16 Tangkai Mawar Kuncup Merah


       Setiap hari raya adalah hari yang selalu berkesan untukku. Semua perjalanan di hari raya adalah anugrah untuk mewarnai hidupku. Besok adalah Hari Raya Galungan, dan aku selalu sibuk mempersiapkan semuanya bersama keluarga besarku. Itu adalah hari yang selalu aku tunggu-tunggu, dimana semua keluarga pulang dan berkumpul bersama dalam suasana keceriaan.
Bagiku hari raya bukan sekadar keceriaan berkumpul bersama keluarga, melainkan lebih dari itu. Karena setiap hari raya ada seorang anggota keluarga yang selalu aku tunggu kedatangannya. Namanya Arya, dia adalah sahabat karibku sejak kecil yang sangat mengerti semua tentang aku. Setiap hari raya kami selalu meluangkan waktu untuk bersama sembari bercerita tentang sebuah kisah, entah itu tentang sekolah, keluarga, teman, cinta ataupun tentang kami.
        Setiap waktu yang ada selalu kami manfaatkan sebaik mungkin. Pasalnya semenjak keluarganya pindah ke luar kota kami hanya bisa menghabiskan waktu bersama di hari raya. Setiap pergi bersama tempat yang selalu kami datangi adalah pohon ketapang yang kini sudah tua di dekat rumah kami. Bagi kami itu adalah markas yang menyimpan segudang kenangan dari pertama kami bersahabat hingga saat ini.

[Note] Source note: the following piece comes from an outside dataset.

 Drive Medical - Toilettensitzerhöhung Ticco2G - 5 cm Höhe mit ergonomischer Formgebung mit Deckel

         Hari Raya Galungan kali ini menjadi hari raya yang amat spesial untuk kami. Karena Hari Raya Galungan kali ini bertepatan dengan hari persahabatan kami yang ke-10. Biasanya saat ulang tahun persahabatan kami bertukar hadiah kecil. Belum lagi seminggu setelah Galungan adalah hari ulang tahunku yang ke-16. Betapa senangnya hatiku, hingga setiap malam aku selalu bermimpi saat ulang tahun nanti aku akan melewati hari bersama dengan sahabatku itu.

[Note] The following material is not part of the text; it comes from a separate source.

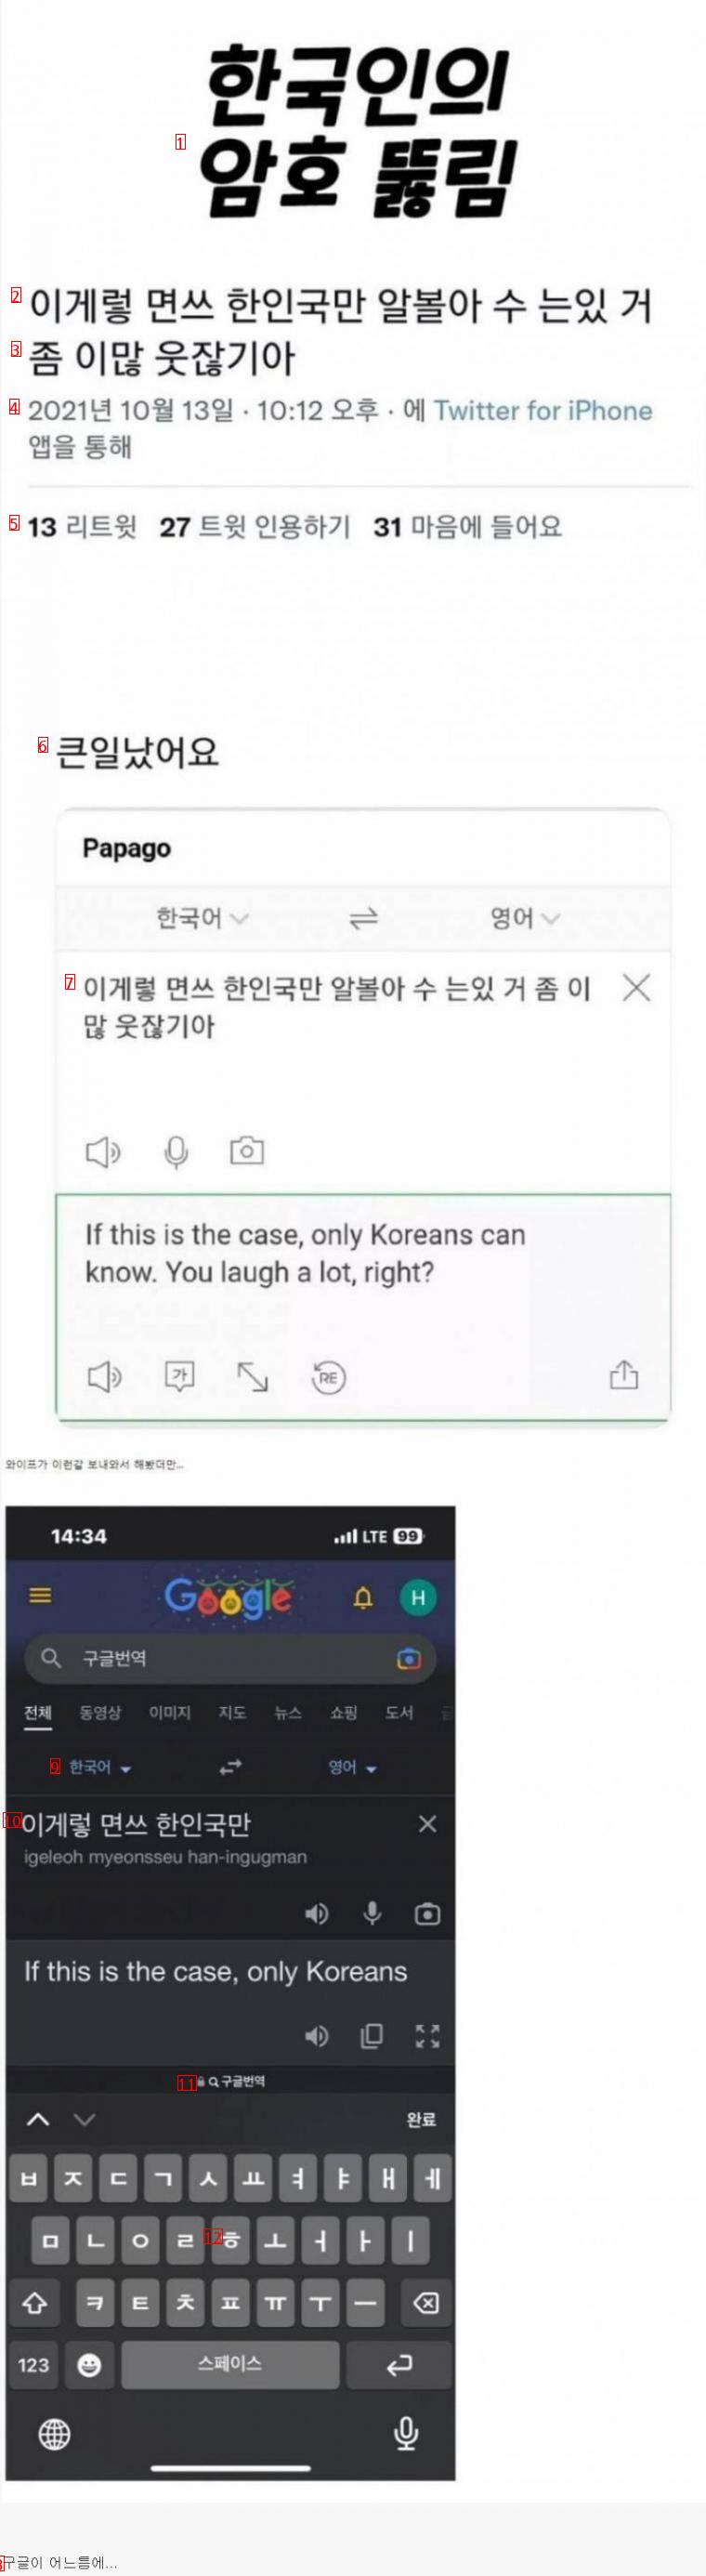 韓国人だけの暗号が破れる

       Saat Hari Raya Galungan, tak seperti biasanya aku terbangun sebelum jam alarmku berbunyi. Mungkin karena hari raya kali ini begitu aku tunggu-tunggu. Setelah semua kegiatan persembahyangan usai, aku dan dia mengatur acara tahunan kami. Sama seperti tahun lalu, aku dan dia pergi bersama ke markas. Disana kami bercerita tentang banyak hal, dan puncaknya adalah saat kami bertukar hadiah. Aku memberikannya sebuah kunci berukir dengan gantungan pita berwarna merah. Kebetulan kami sama-sama menyukai warna merah. Dan dia memberikanku sebuah lonceng kecil dengan gantungan pita berwarna merah juga.

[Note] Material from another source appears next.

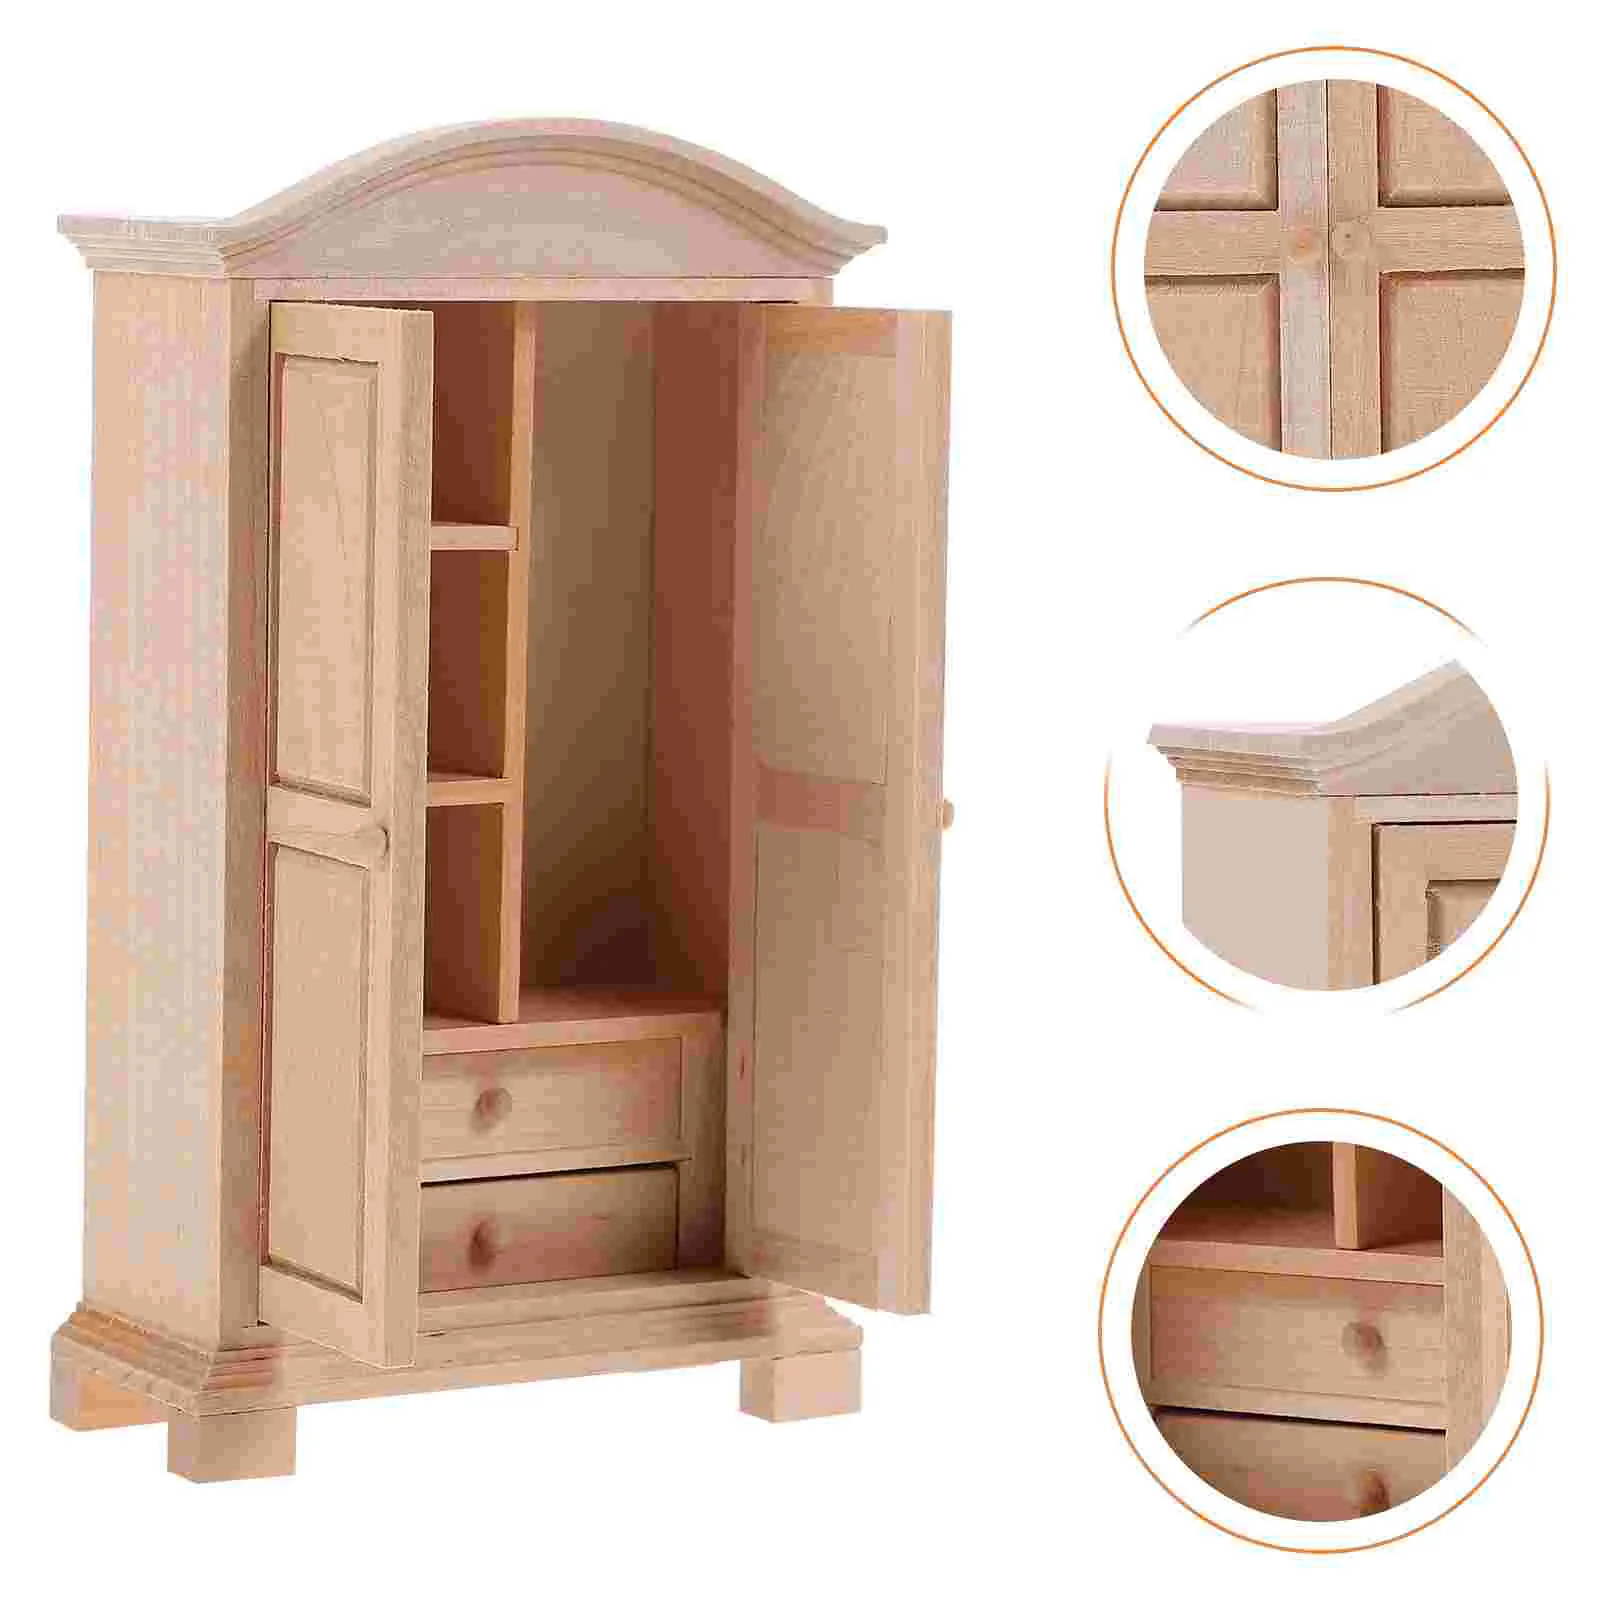 

Вешалки для одежды, миниатюрный деревянный шкаф для кукольного домика, модель мебели с двумя дверцами в масштабе 1:12

      “Aku mau kau menyimpan kunci ini, dan selalu kau bawa kemanapun kau pergi. Anggaplah sekarang kunci ini adalah simbol dari dirimu. Jagalah baik-baik seperti kau menjaga dirimu,” kataku pada Arya.
        Dia hanya tersenyum sambil menatap mataku, seolah dia ingin berkata sesuatu namun tertahan dalam benaknya. Aku mencoba untuk meramaikan suasana, karena entah mengapa saat itu suasana terasa begitu sunyi.
         “Kenapa hanya tersenyum?” aku mengawali bertanya.
         “Aku..aku ingin kau tahu sesuatu. Tapi aku takut kau marah,” katanya dengan ragu.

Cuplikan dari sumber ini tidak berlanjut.